This aim-oriented auto tuning could also be useful for general
balancing-required access aware system operations such as system memory
auto scaling[3] and tiered memory management[4].  These two example
usages are not what current DAMOS implementation is already supporting,
but require additional DAMOS action developments, though.

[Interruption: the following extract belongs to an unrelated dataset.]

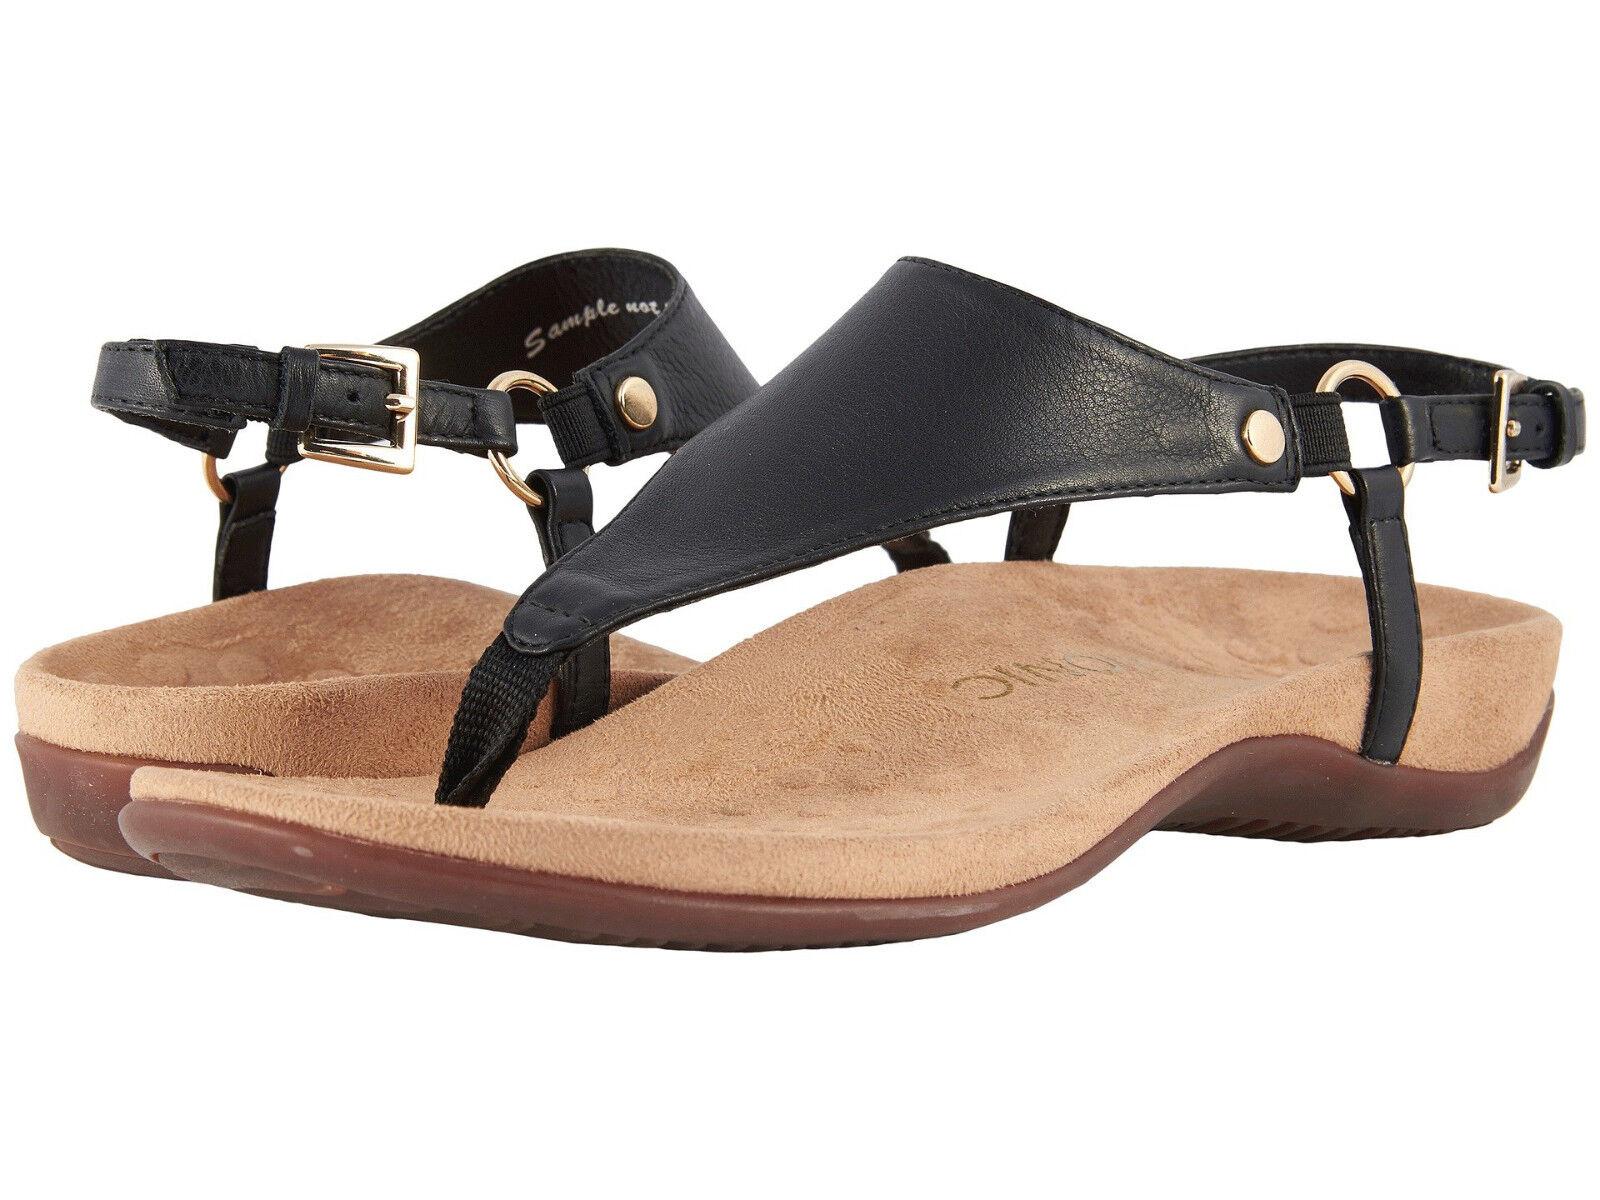 mujer Vionic Orthaheel Kirra Slingback Strap Sandal KIRRA negro 100% Authentic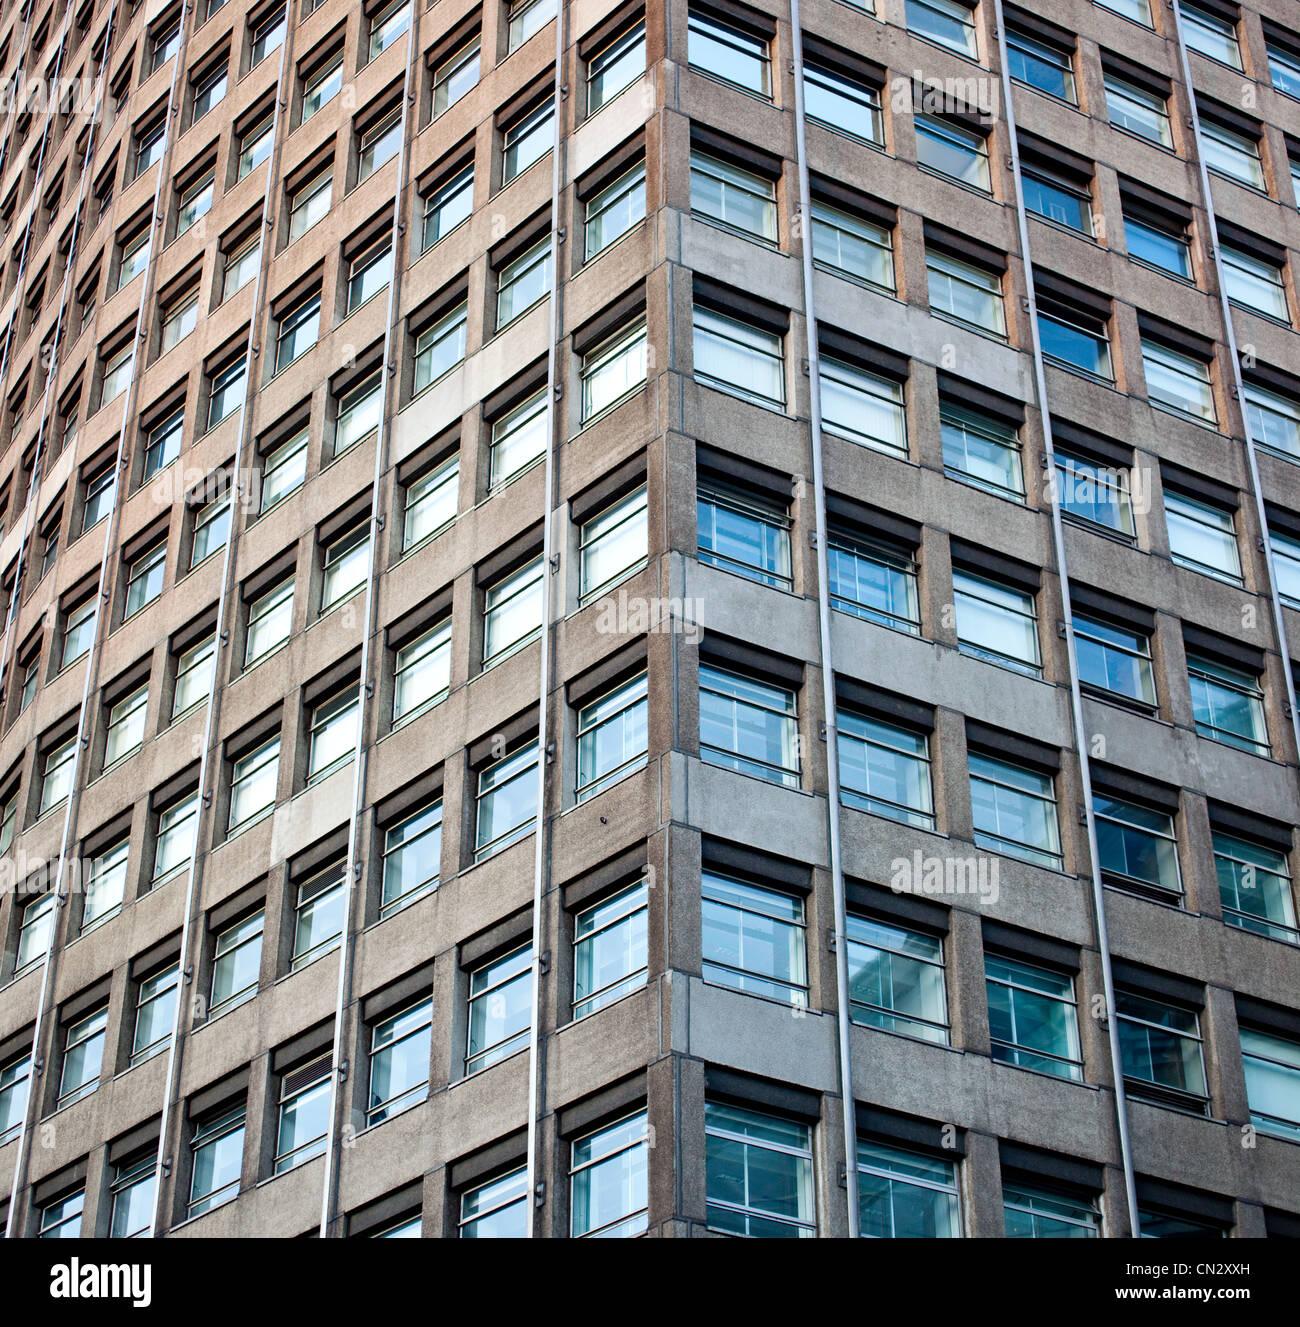 Tower block, London, England - Stock Image

Evaluation: subtle memory pressure aiming proactive reclamation
---------------------------------------------------------------

To show if the implementation works as expected, we prepare four
different system configurations on AWS i3.metal instances.  The first
setup (original) runs the workload without any DAMOS scheme.  The second
setup (not-tuned) runs the workload with a virtual address space-based
proactive reclamation scheme that pages out memory regions that are not
accessed for five seconds or more.  The third setup (offline-tuned) runs
the same proactive reclamation DAMOS scheme, but after making it tuned
for each workload offline, using our previous user-space driven
automatic tuning approach, namely DAMOOS[1].  The fourth and final setup
(AFDAA) runs the scheme that is the same as that of 'not-tuned' setup,
but aims to keep 0.5% of 'some' memory pressure stall time (PSI) for the
last 10 seconds using the aiming-oriented auto tuning.

For each setup, we run realistic workloads from PARSEC3 and SPLASH-2X
benchmark suites.  For each run, we measure RSS and runtime of the
workload, and 'some' memory pressure stall time (PSI) of the system.  We
repeat the runs five times and use averaged measurements.

For simple comparison of the results, we normalize the measurements to
those of 'original'.  In the case of the PSI, though, the measurement
for 'original' was zero, so we normalize the value to that of
'not-tuned' scheme's result.  The normalized results are shown below.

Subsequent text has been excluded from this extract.